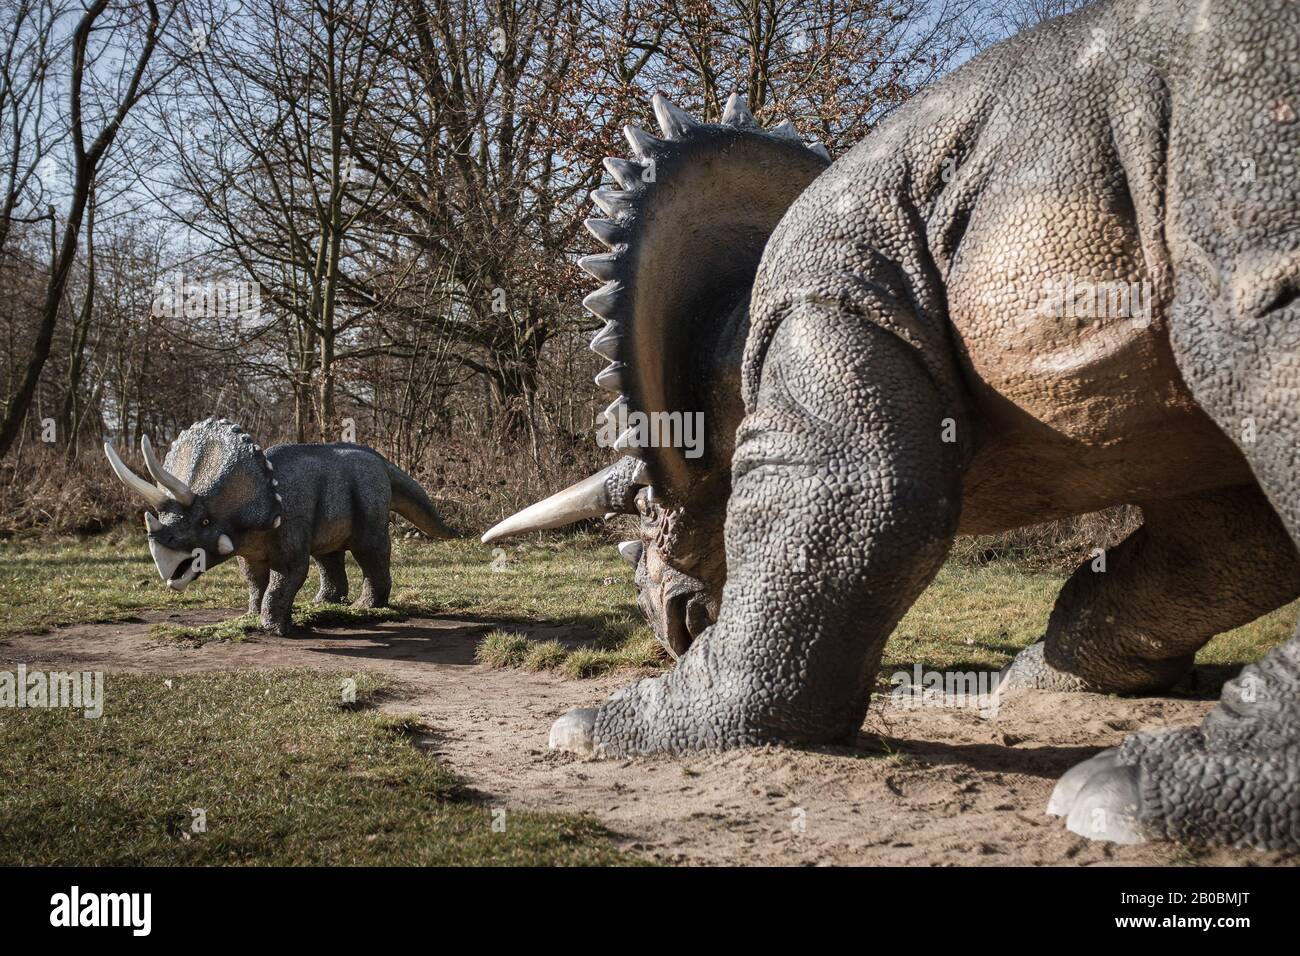 Lubin, POLEN - 8. FEBRUAR 2020 - Realistisches Modell der Dinosaurier-Trikeratops im Park Wroclawski. Park ist eine bekannte Touristenattraktion für Kinder in t Stockfoto
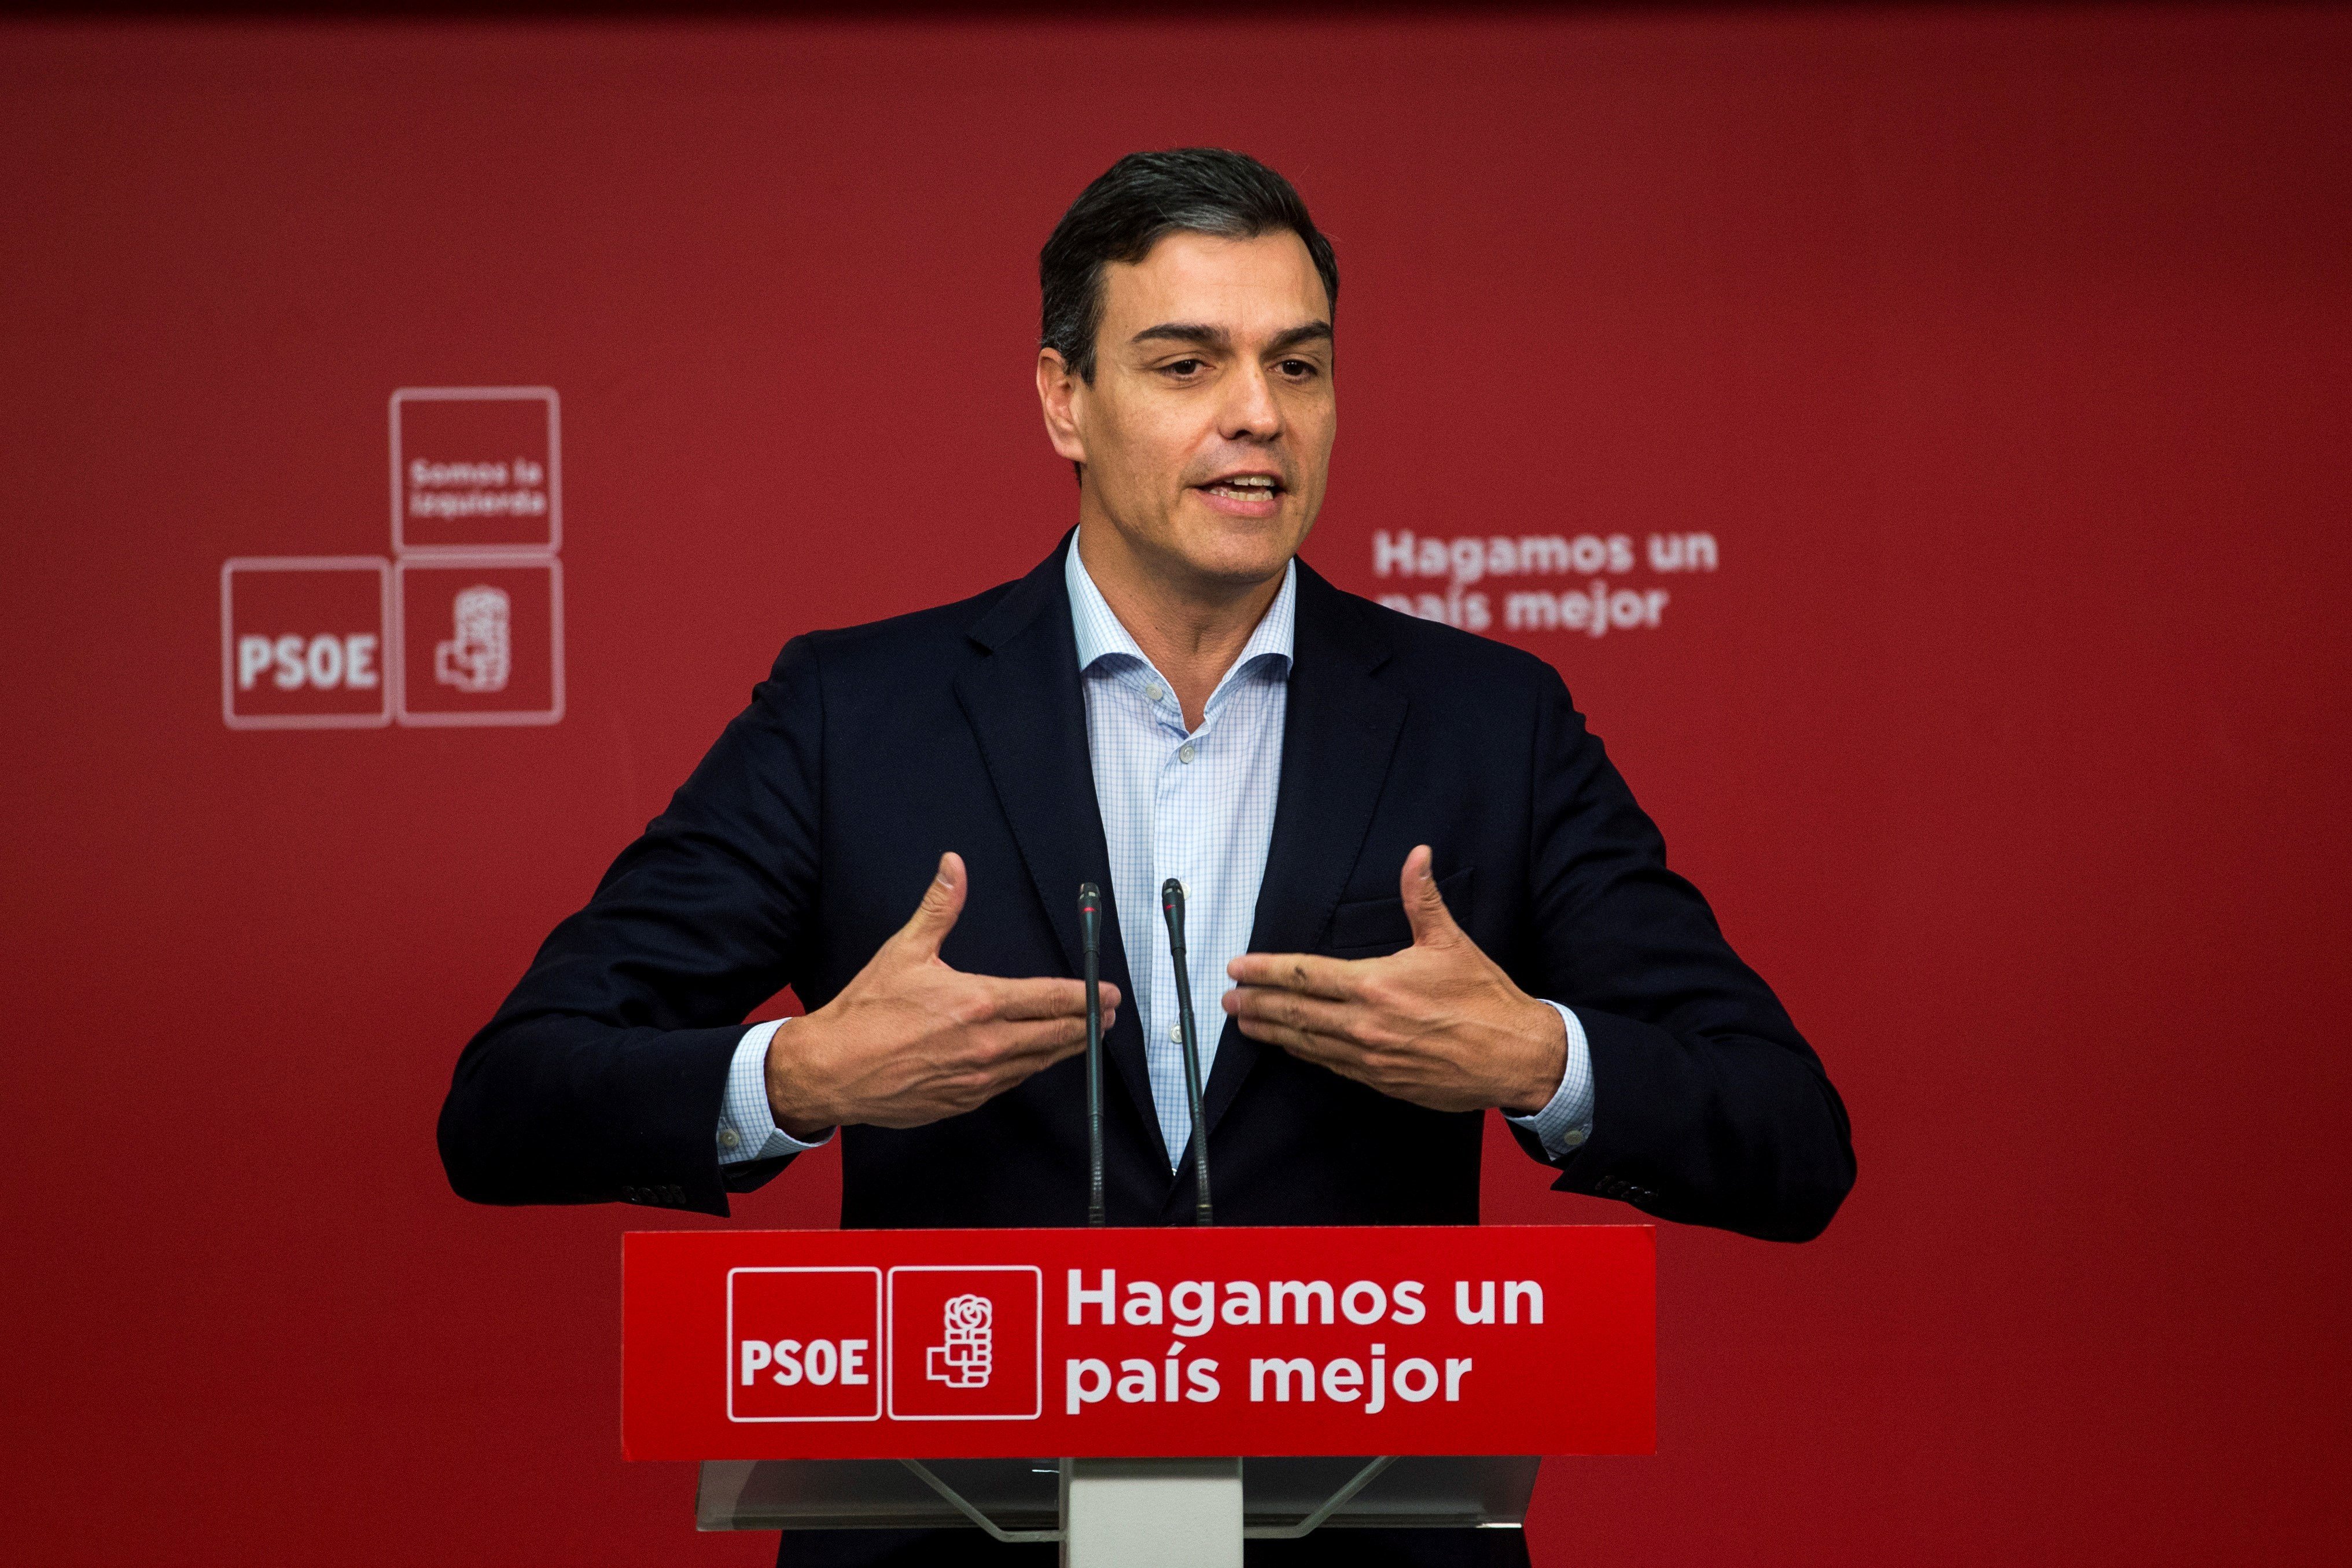 Pedro Sánchez compara a Torra con Vox y propone sancionar políticos "racistas"
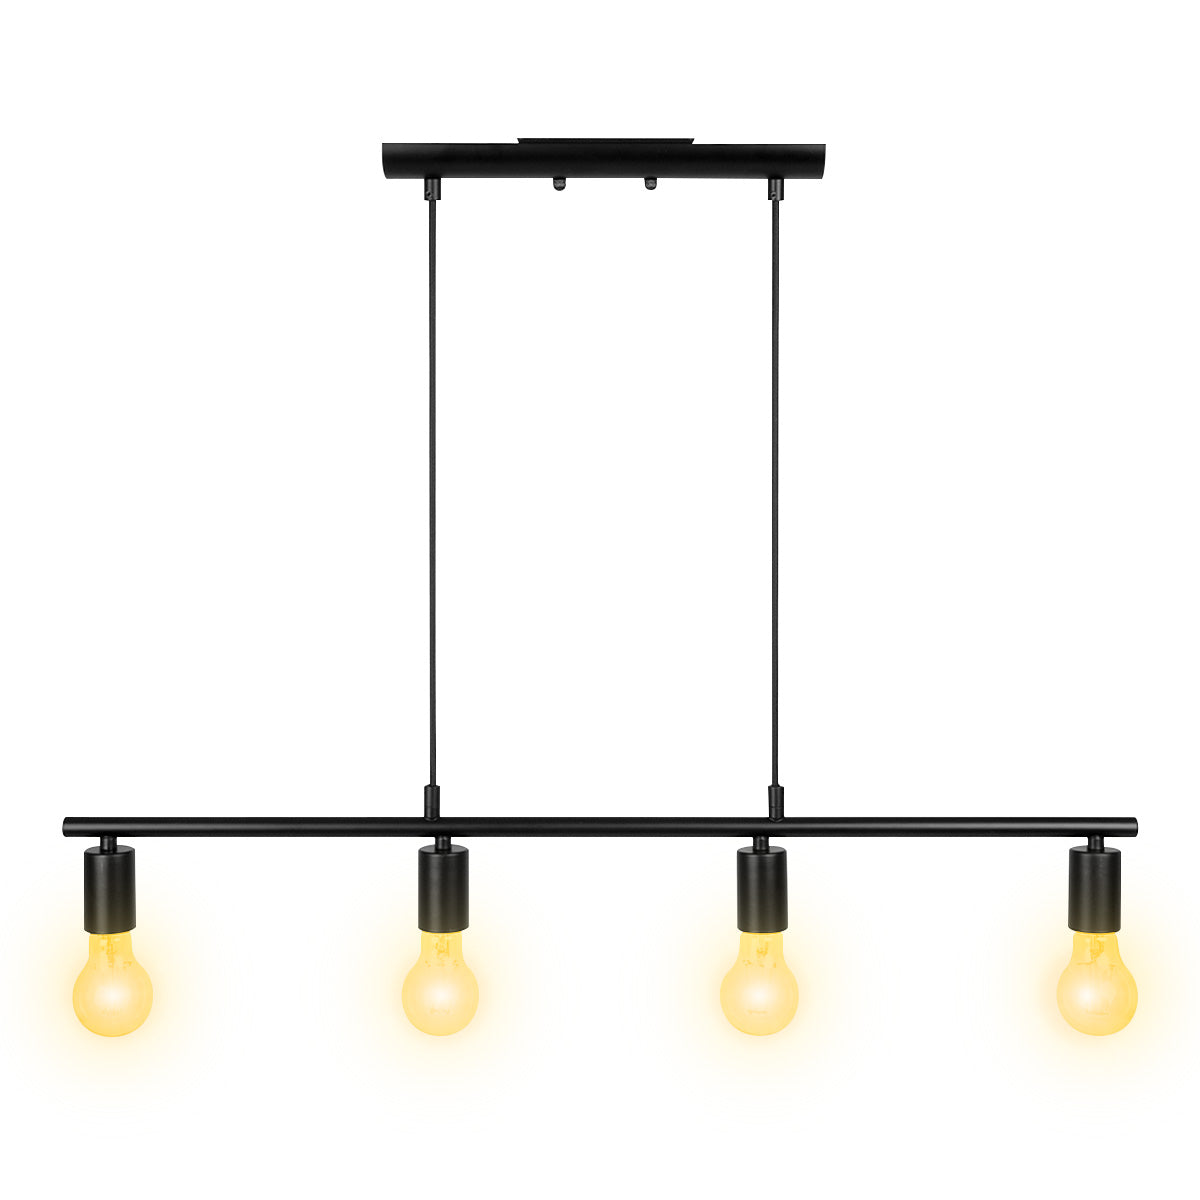 Lámpara decorativa LED de suspender en techo 4x6W, Modelo DL-6624.N30 Dekor

Task brief -
Pictures stay out. Return exactly the lines from the one with "Pedro Sánchez compara" through the last line of the data.

Solution to the exercise -
 Pedro Sánchez compara a Torra con Vox y propone sancionar políticos "racistas"
 Lámpara decorativa LED de suspender en techo 4x6W, Modelo DL-6624.N30 Dekor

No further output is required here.